This analysis examines a complete set of Facebook posts and tweets created on any account managed by any member of the U.S. Senate and House of Representatives between Jan. 1, 2015, and May 31, 2020. Researchers used the Facebook Graph API, CrowdTangle API9 and Twitter API to download the posts. The resulting dataset contains nearly 1.5 million Facebook posts from 712 different members of Congress who used a total of 1,389 Facebook accounts, and over 3.3 million tweets from 711 different members of Congress who used a total of 1,362 Twitter accounts.
This analysis includes all text in the downloaded posts, including image captions and emojis. Photo and video posts were not included in this analysis unless the post also contained meaningful text, such as a caption; text contained entirely within an image was not included in the analysis.
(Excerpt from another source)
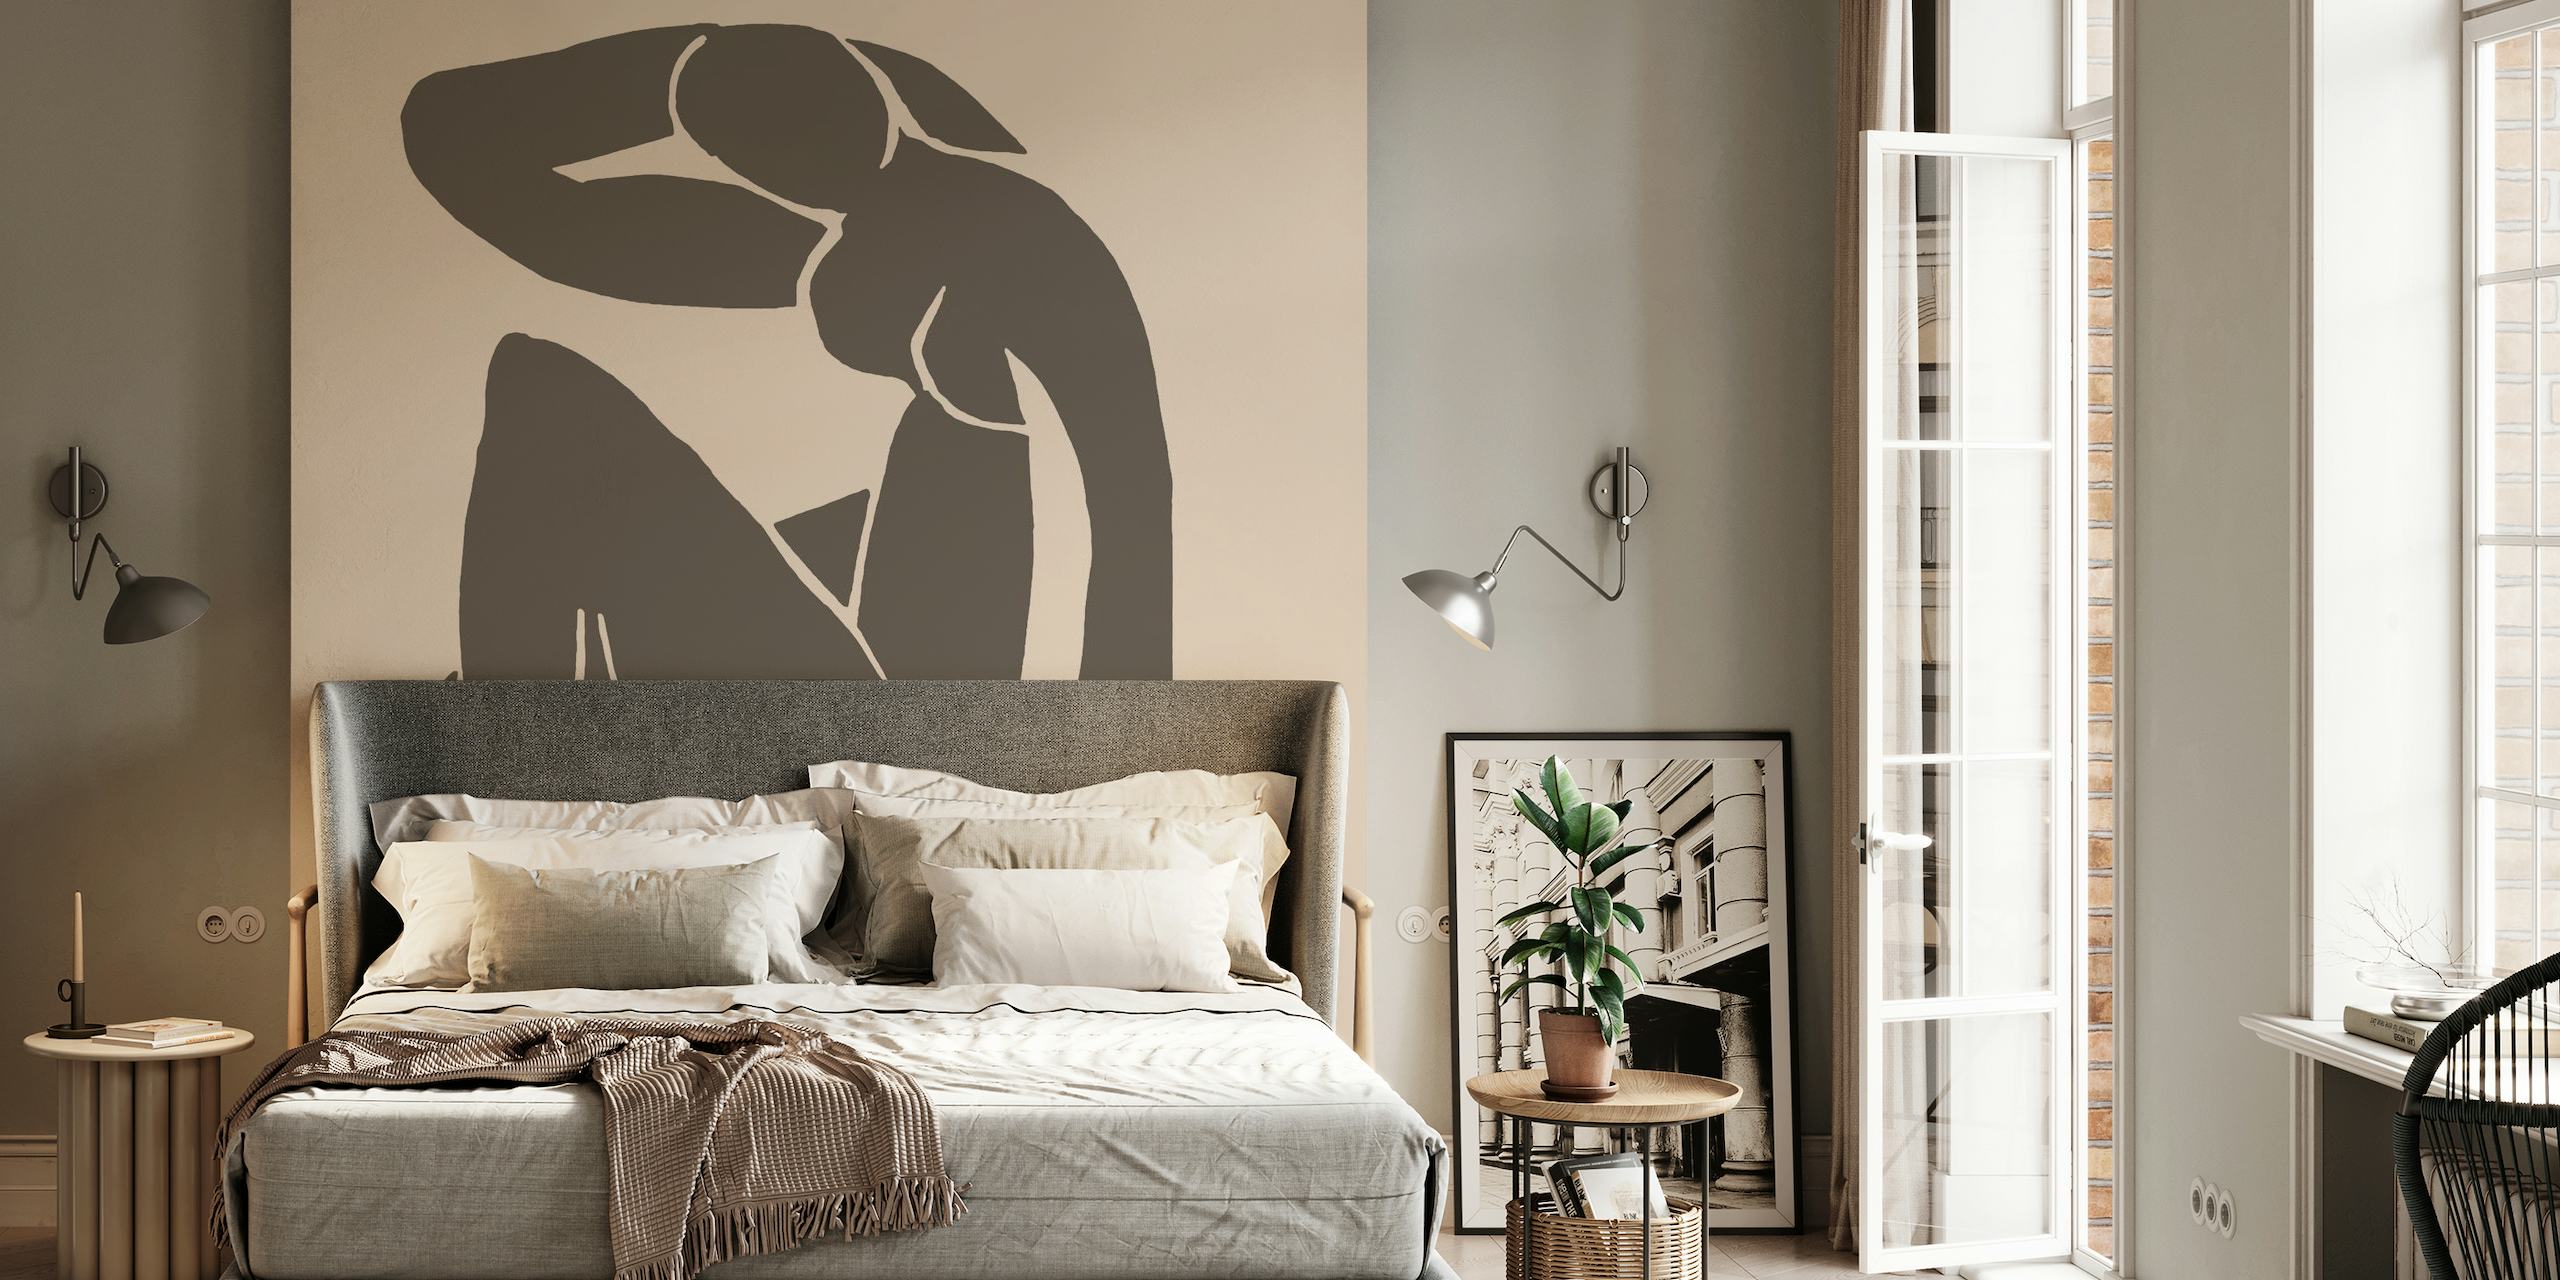 Beige Naken siluetttapet inspirerad av Matisses minimalistiska stil

Posts by nonvoting representatives were excluded, as were any posts produced by politicians before or after their official terms in Congress.
To facilitate a more complete over-time analysis, posts created during congressional recesses were included, and terms of office (which typically begin and end in the first week of January) were adjusted by a few days to start and end at the beginning and end of each year, respectively. For example, posts by members of Congress that served full terms in the 115th Congress are included in the analysis if they were created between Jan. 1, 2017, and Dec. 31, 2018 (inclusive), even though the official term began on Jan. 3, 2017, and ended on Jan. 3, 2019. The few independent members of Congress who do not officially belong to the Democratic or Republican parties are treated as members of the party that they caucused with for the majority of the time period analyzed in the report (i.e., Bernie Sanders is considered a Democrat, and Justin Amash is considered a Republican).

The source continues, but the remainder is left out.